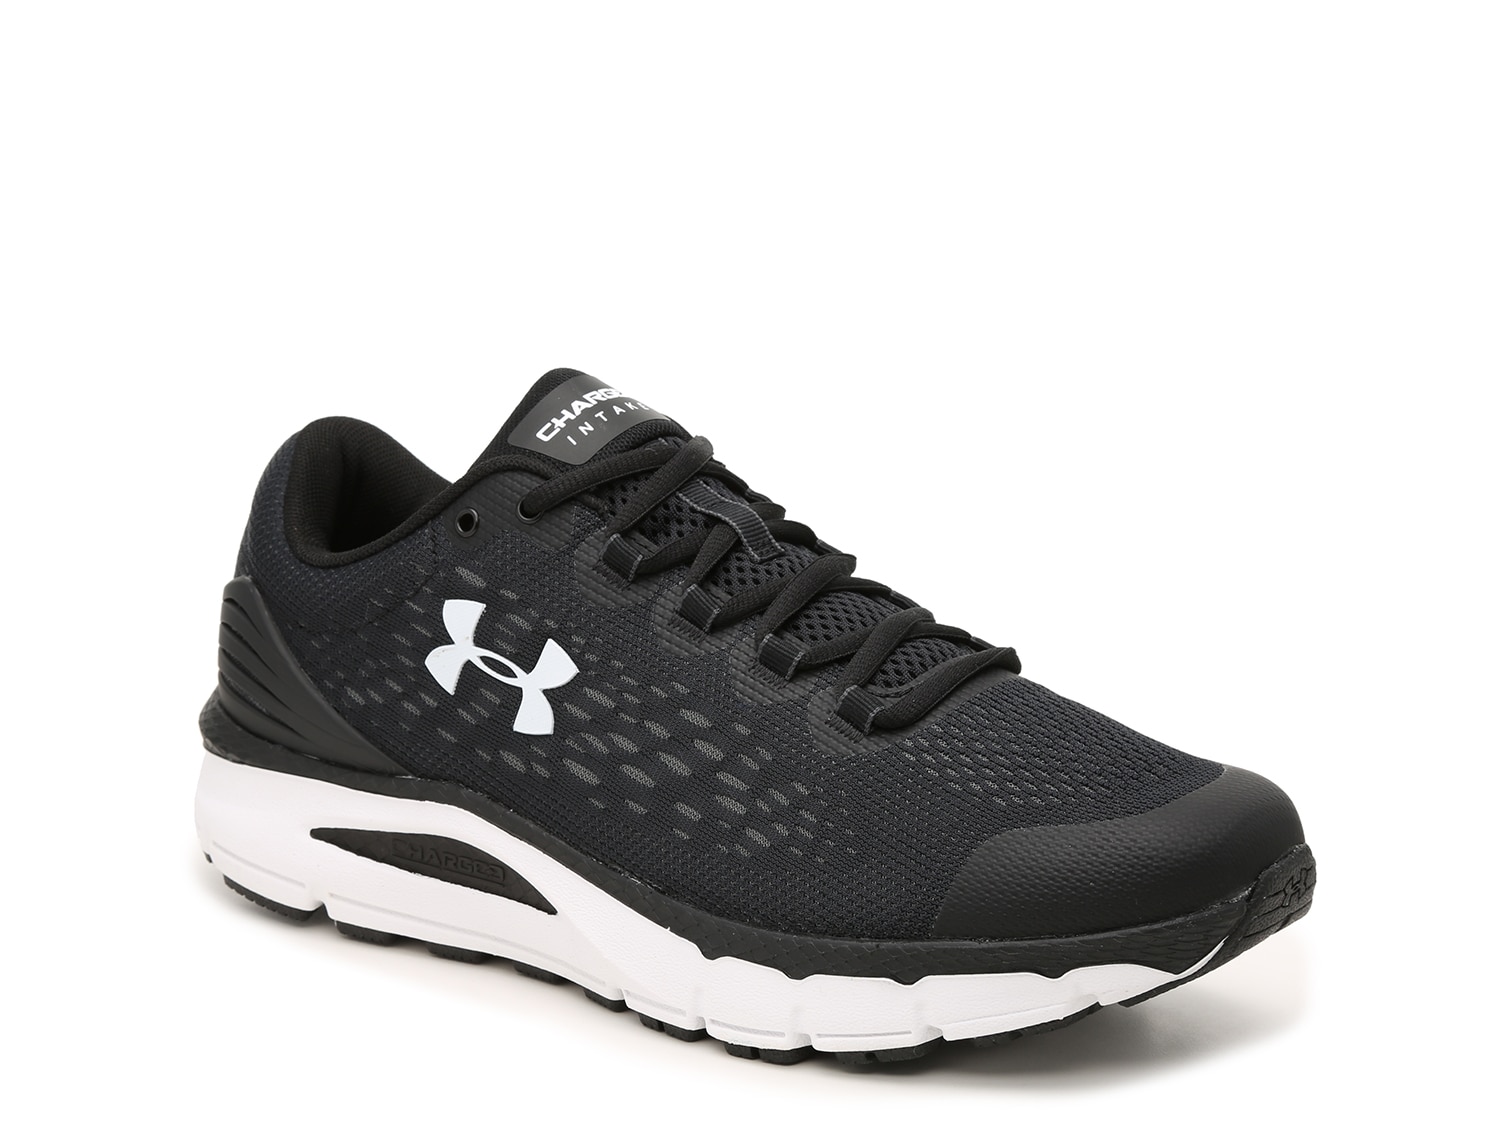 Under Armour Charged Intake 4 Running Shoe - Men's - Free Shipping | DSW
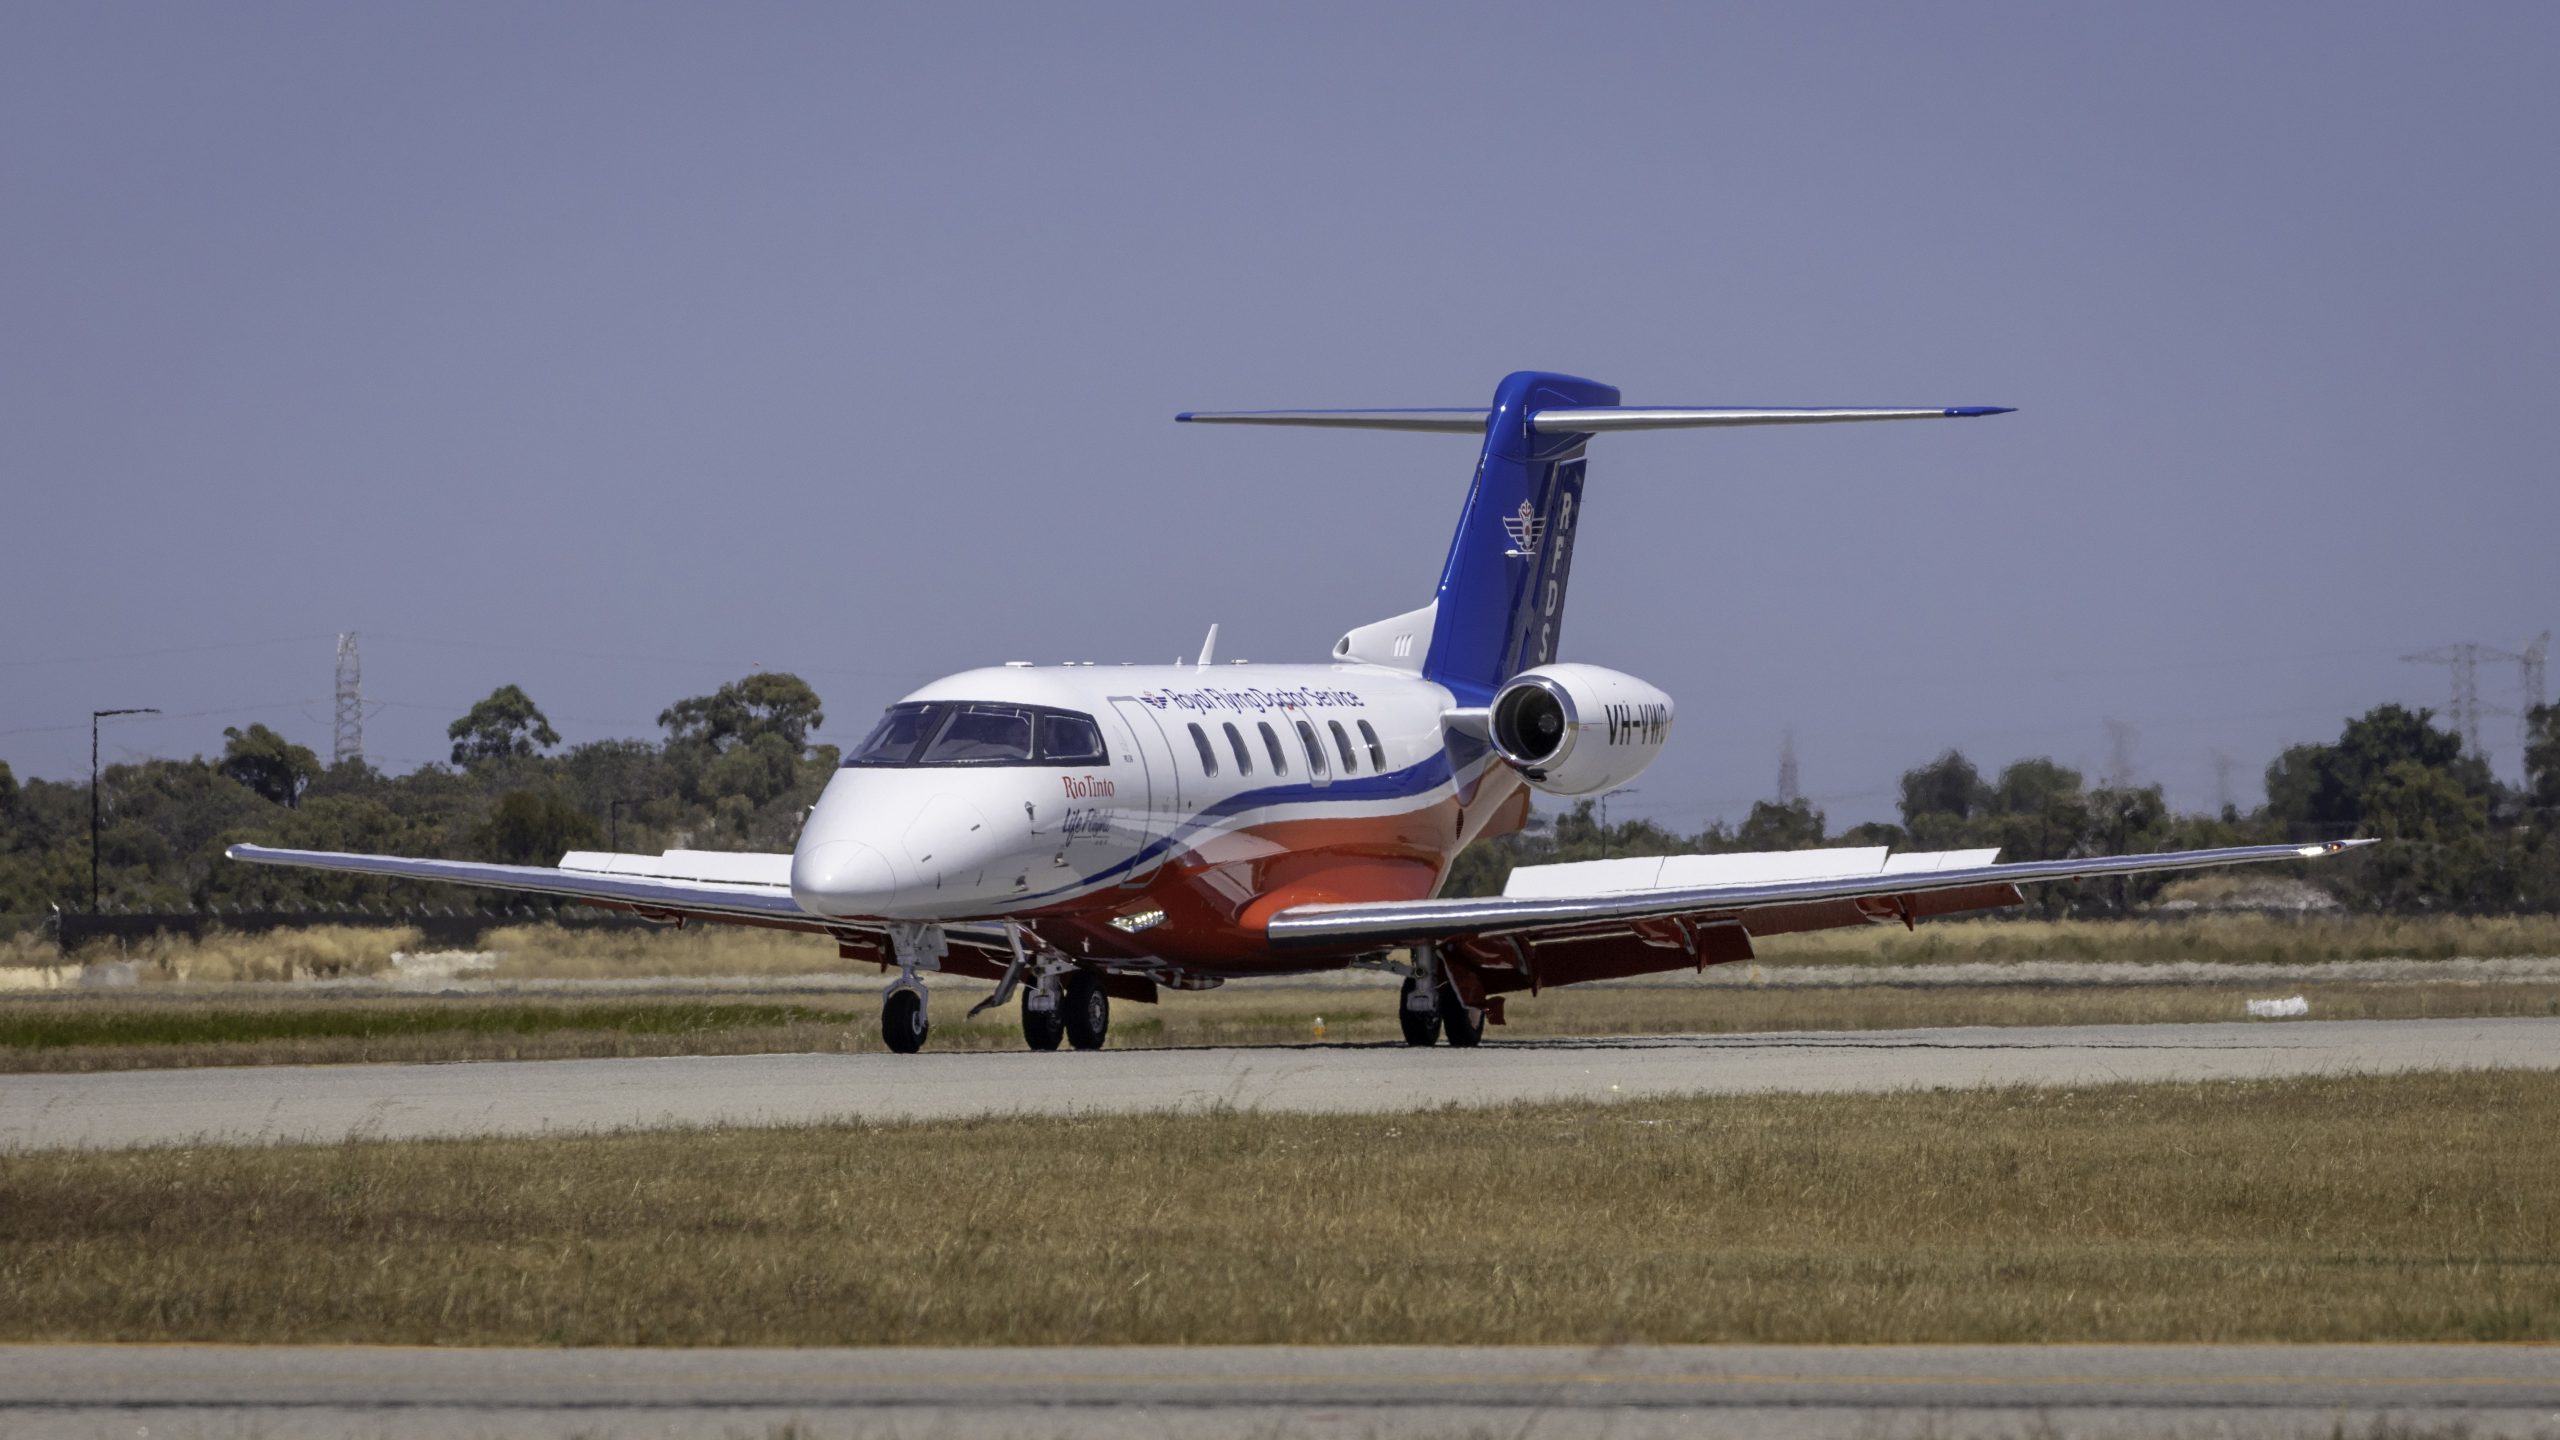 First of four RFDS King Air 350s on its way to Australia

---

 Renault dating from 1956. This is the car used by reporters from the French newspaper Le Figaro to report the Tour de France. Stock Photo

■ **Task to complete**
Print, exactly and with no pictures, the lines of the listing above starting at the one that has "Under Armour Charged" and ending at the one that has "First of four", both included.

■ **Answer to the exercise**
 Under Armour Charged Intake 4 Running Shoe - Men's - Free Shipping | DSW
 First of four RFDS King Air 350s on its way to Australia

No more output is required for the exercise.